Aretha Franklin posed with her portrait in the National Portrait Gallery in 2015. (Photo by Angela Pham BFA courtesy of the National Portrait Gallery)
The National Portrait Gallery is displaying a portrait of Aretha Franklin from Aug. 17-22 in honor of the great American singer, who died Thursday at the age of 76.
The small portrait shows the Queen of Soul mid-song—mouth open, eyes closed. It’s beautiful, but where did it come from?
The lithographic poster dates back to 1968, a formative year for both Franklin and for the nation. In February ’68, Martin Luther King, Jr. presented Franklin with a special award from the Southern Christian Leadership Conference during one of her concerts in Detroit. She sang “Precious Lord” at his memorial service two months later.
By late summer, Franklin was the top-selling solo female artist in music history with nine top-10 hits to her name.

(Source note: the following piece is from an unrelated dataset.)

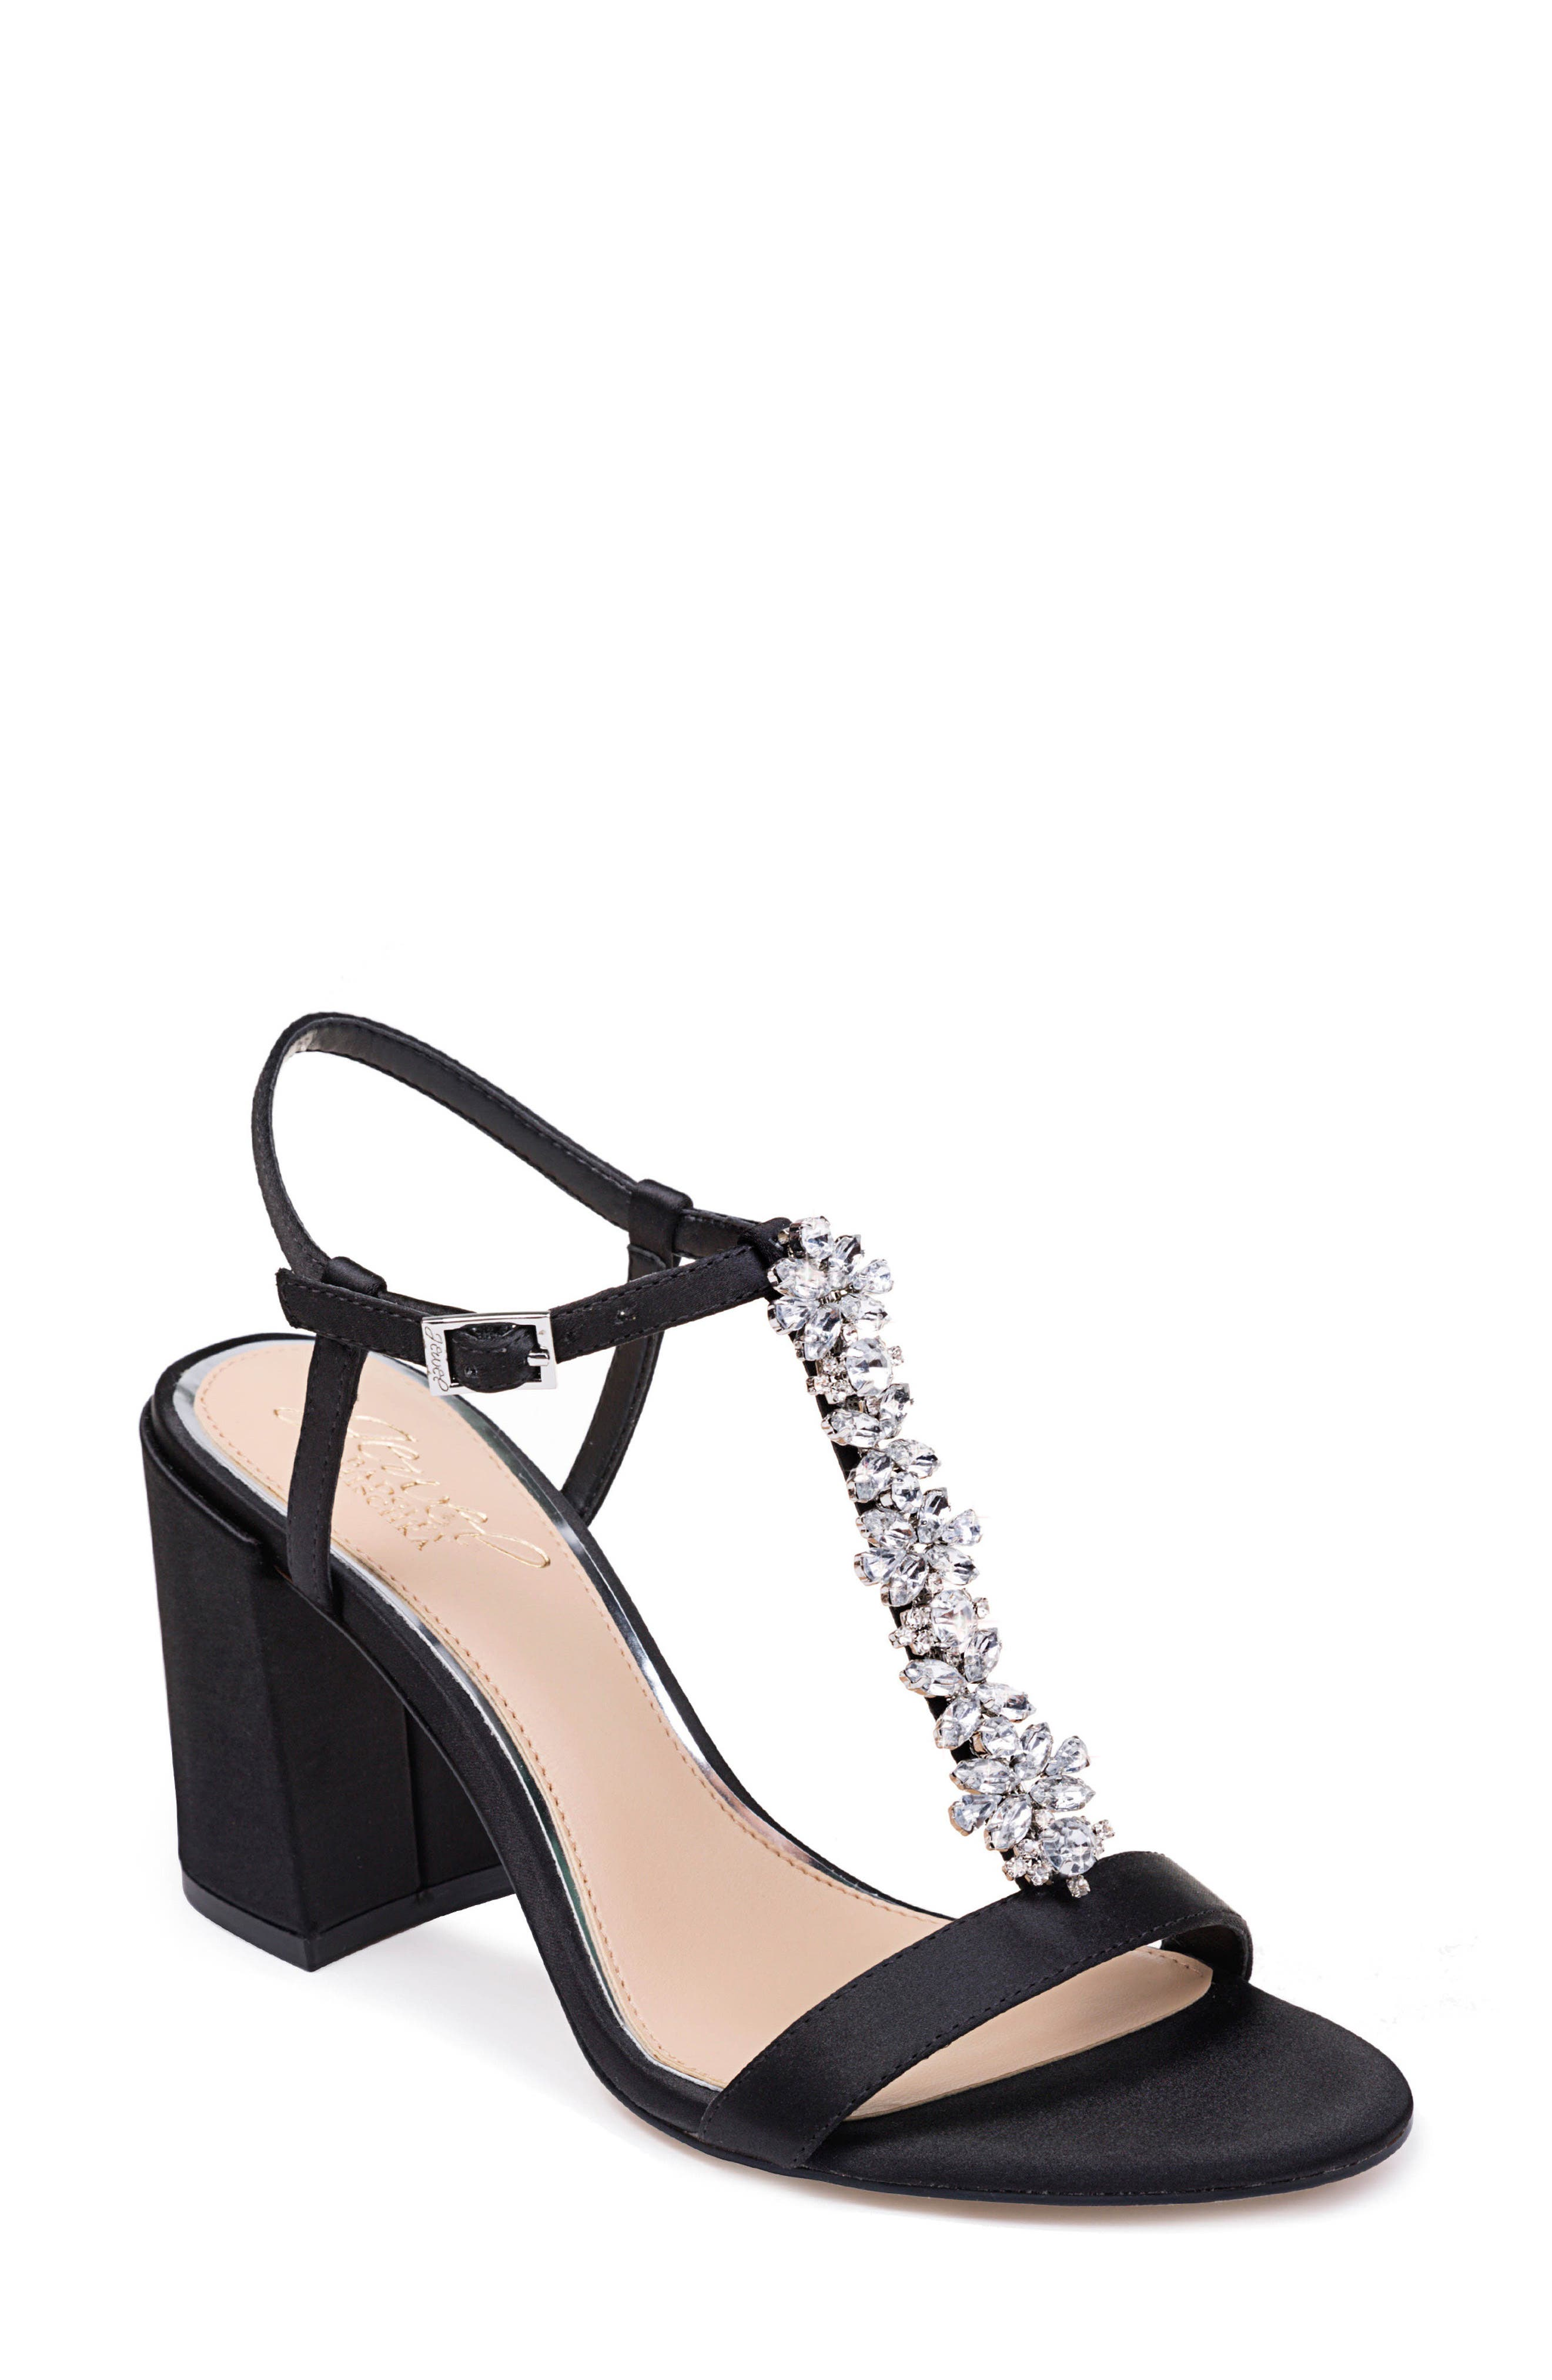 Image of Jewel Badgley Mischka Raina Embellished T-Strap Block Heel Sandal

Not content with pop stardom alone, Franklin turned her voice into a political tool when she opened the Democratic National Convention in Chicago that August with a rendition of “The Star-Spangled Banner.” Her soulful version of the patriotic song angered many older Southern Democrats in the crowd, and highlighted the social and racial divides facing the country that the song celebrated.
Milton Glaser’s 1968 lithographic poster of Aretha Franklin. (Image courtesy of the National Portrait Gallery)

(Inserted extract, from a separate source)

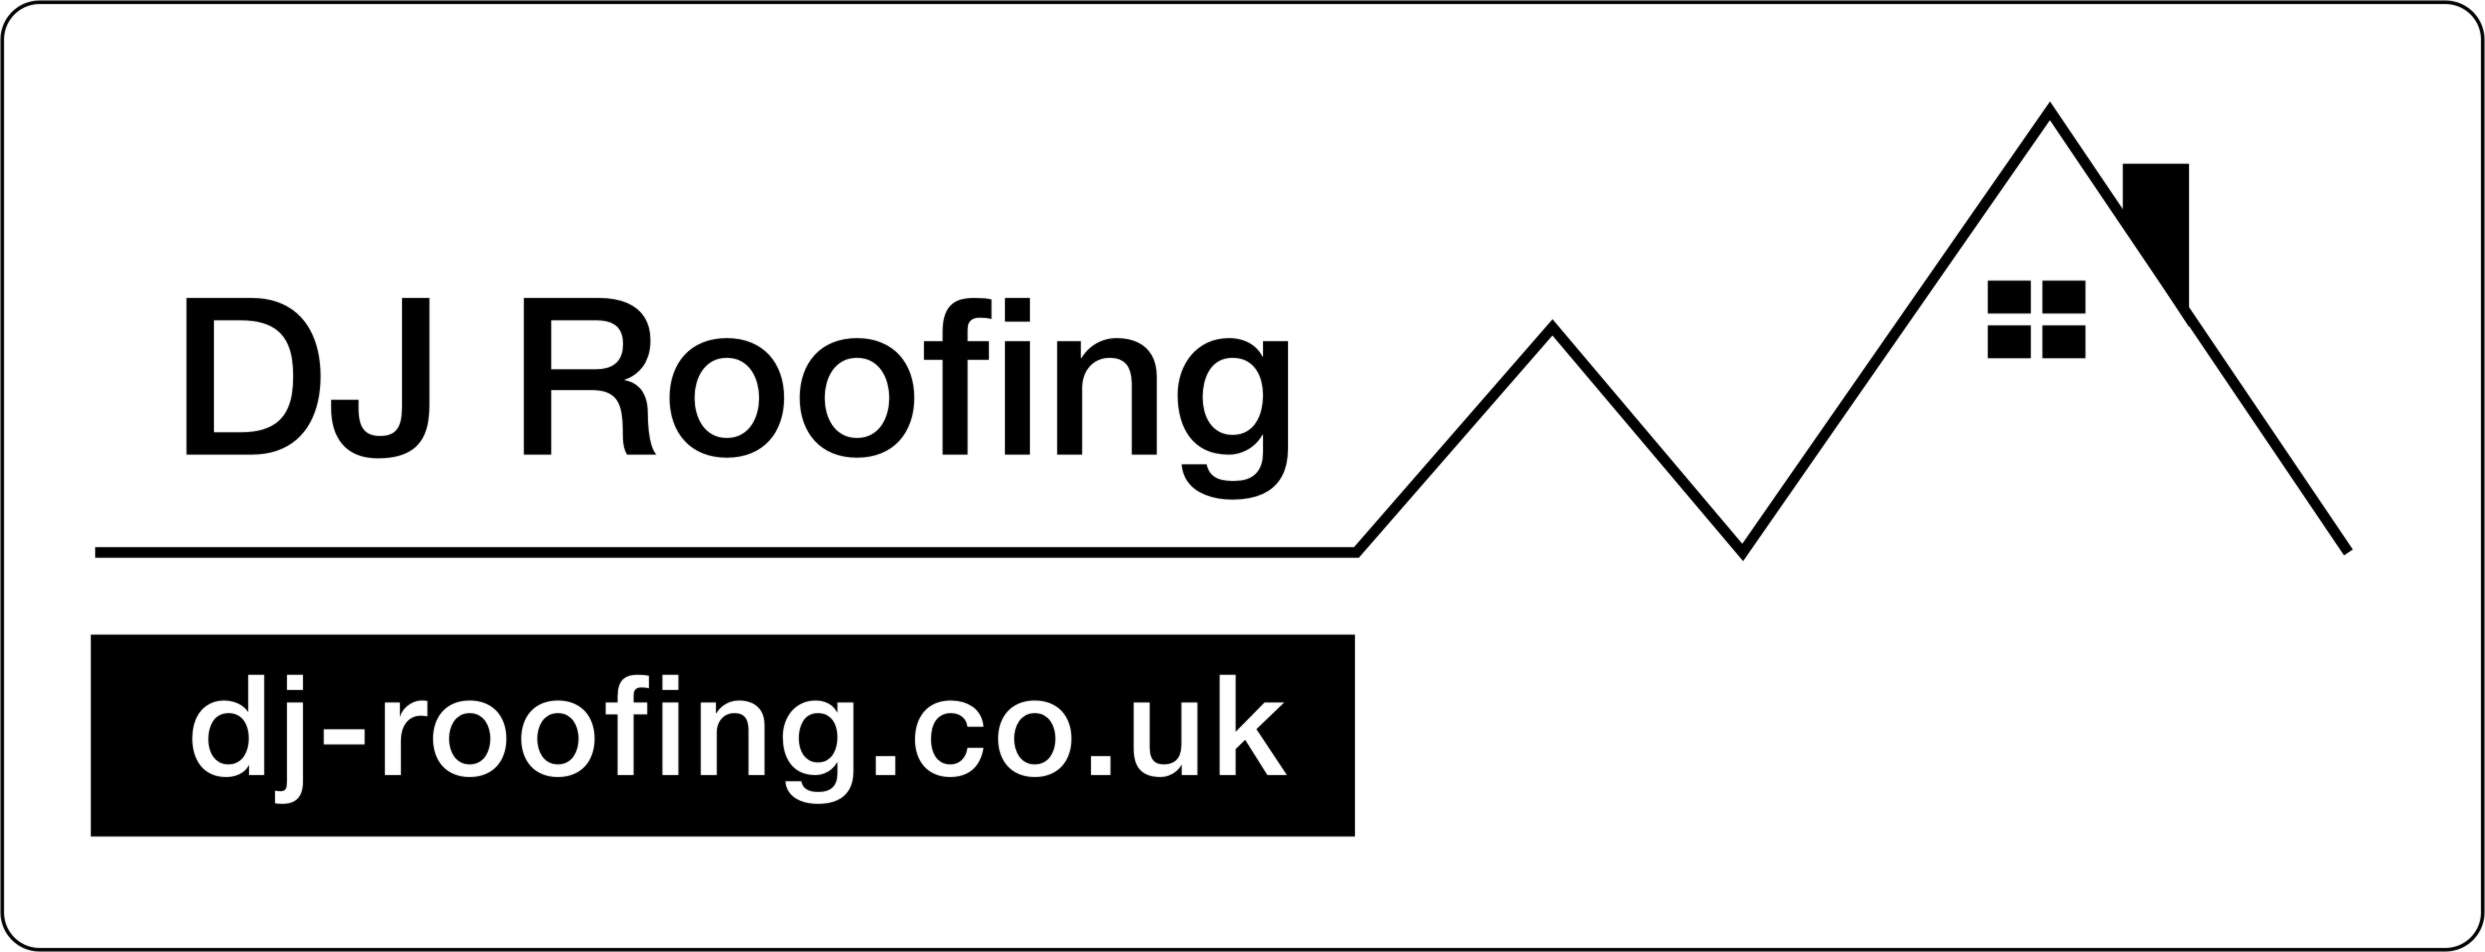 DJ Roofing

The poster was created by legendary graphic designer Milton Glaser, the man behind the “I Love NY” logo and the Brooklyn Brewery logo. Glaser created the poster for the November 1968 issue of the youth culture-focused Eye Magazine, published by the Hearst Corporation.
Eye only put out a total of 15 issues over its yearlong existence. The other artists featured on its poster inserts included Mick Jagger, Jimi Hendrix, Janis Joplin, Bob Dylan, and the Beatles.

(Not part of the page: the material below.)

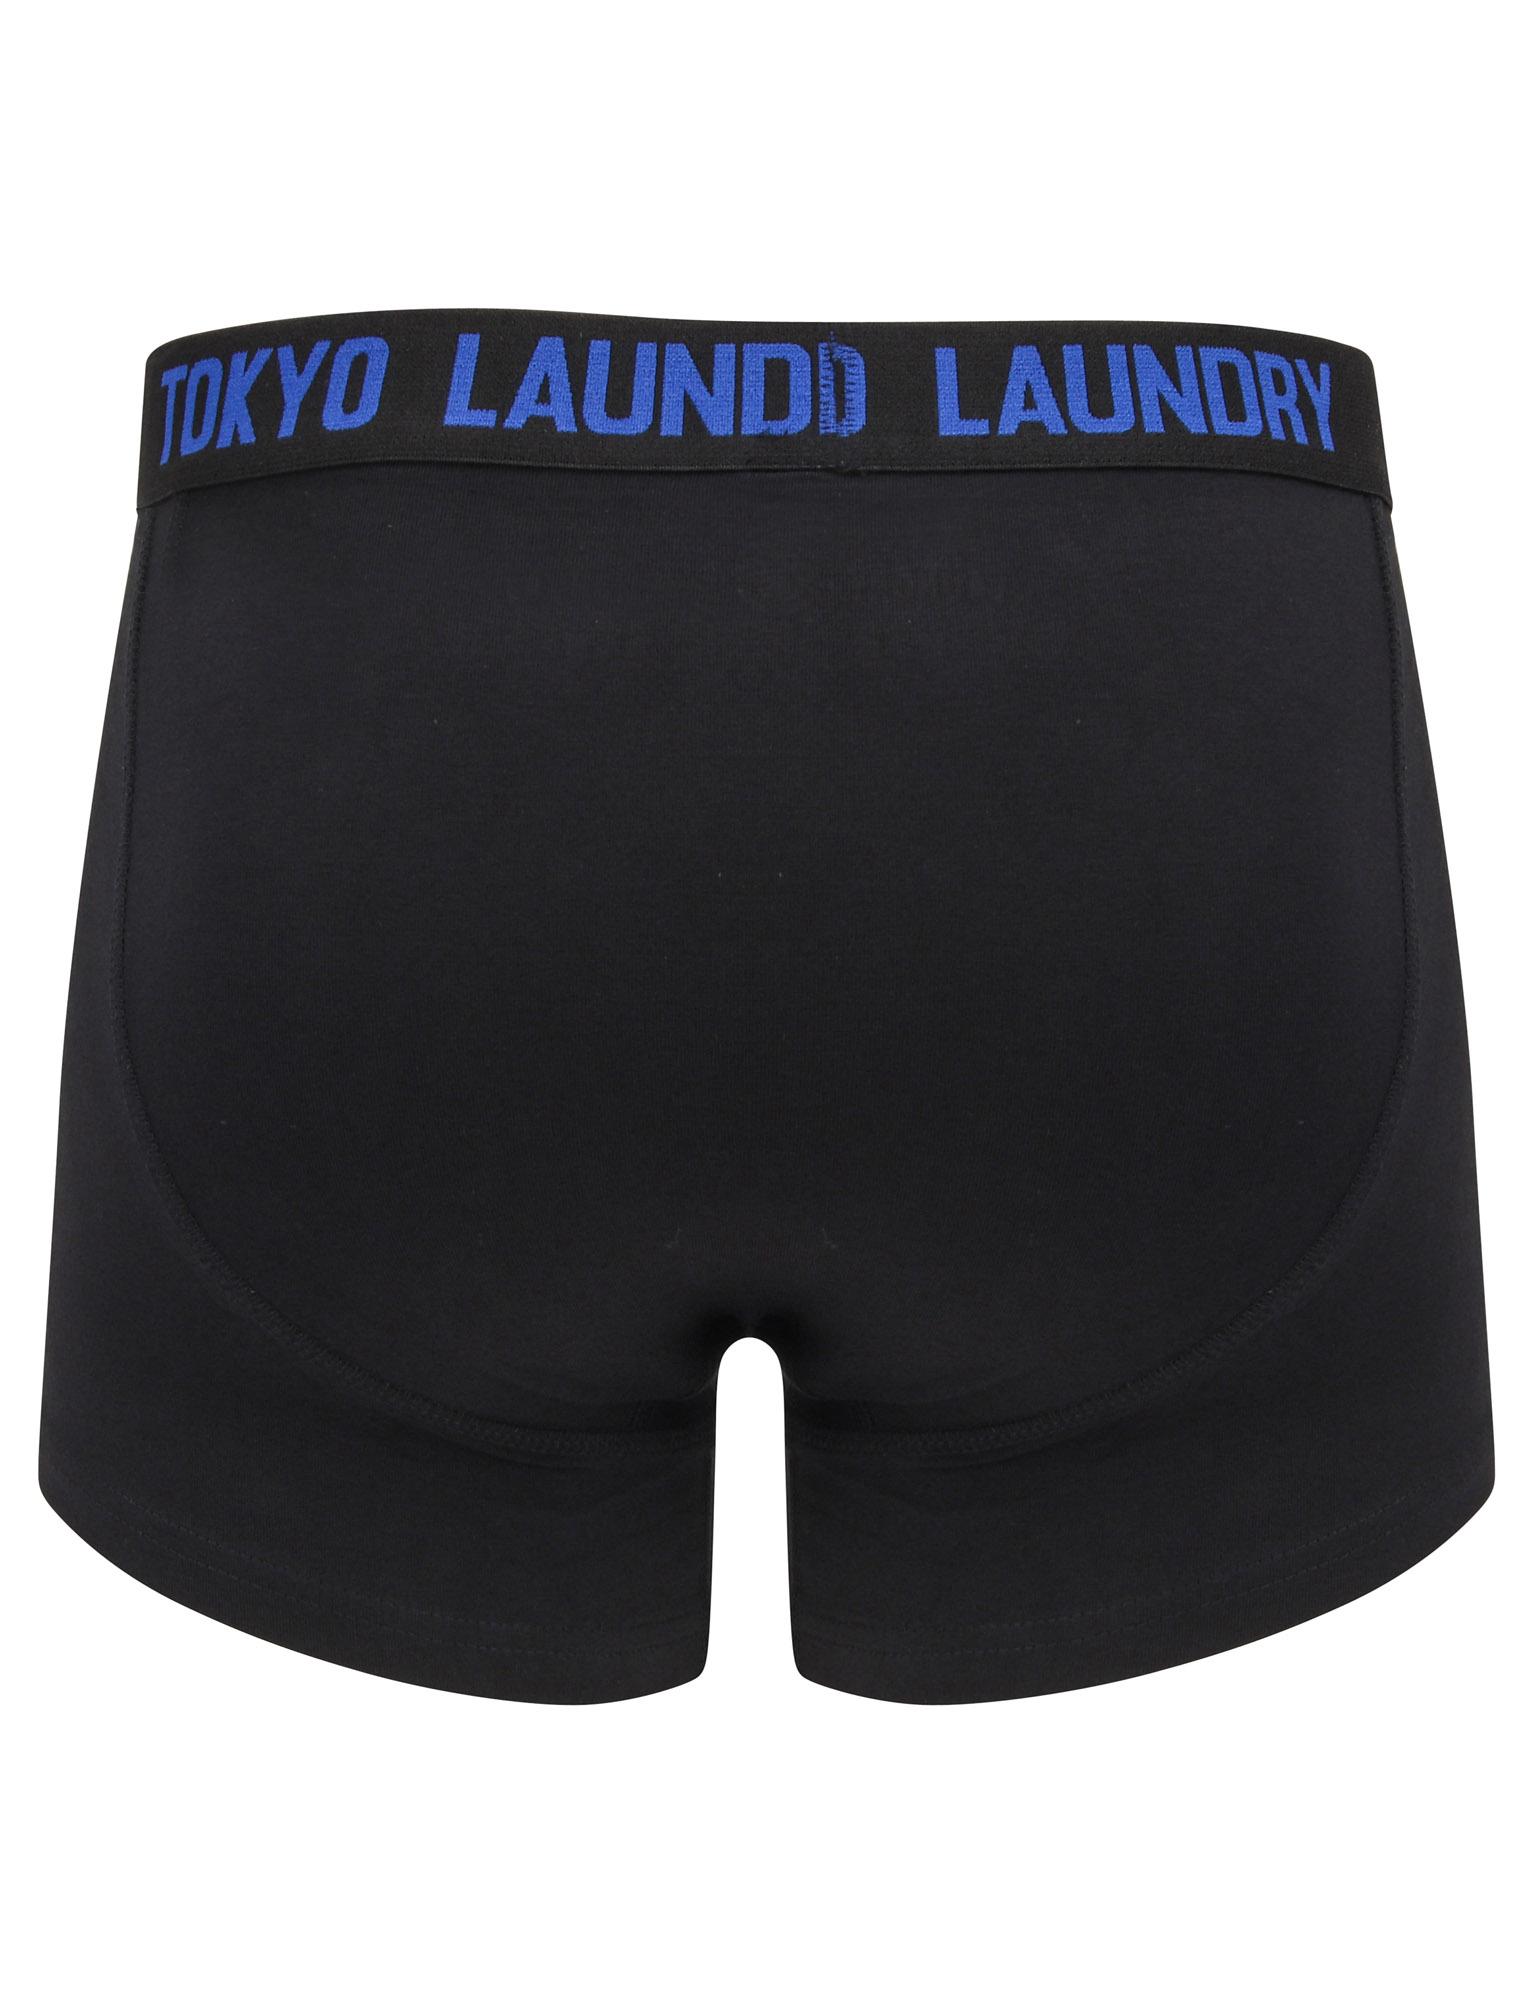 New-Mens-Tokyo-Laundry-2-Pack-Cotton-Rich-Boxer-Shorts-Set-Trunks-Size-S-XXL thumbnail 74

The Franklin poster has been reproduced millions of times over the ensuing years, but the Portrait Gallery acquired an original copy in 2011. It comes with a set of original instructions for removing it from the magazine, aimed at the magazine’s teenage readership (“tear carefully along the perforated line”).
It’s not big, either —just 25-by-25 inches — but its reds, blues, purples and golds are about as rich and multifarious as Franklin’s legendary voice was.
“It’s an important historical document,” Portrait Gallery associate curator Asma Naeem told Smithsonian Magazine. “It shows not just the incredible relevance and majesty of Aretha Franklin, at a very early point in her career, but also the incredible energy of soul music [that] has been a part of our culture for so long.”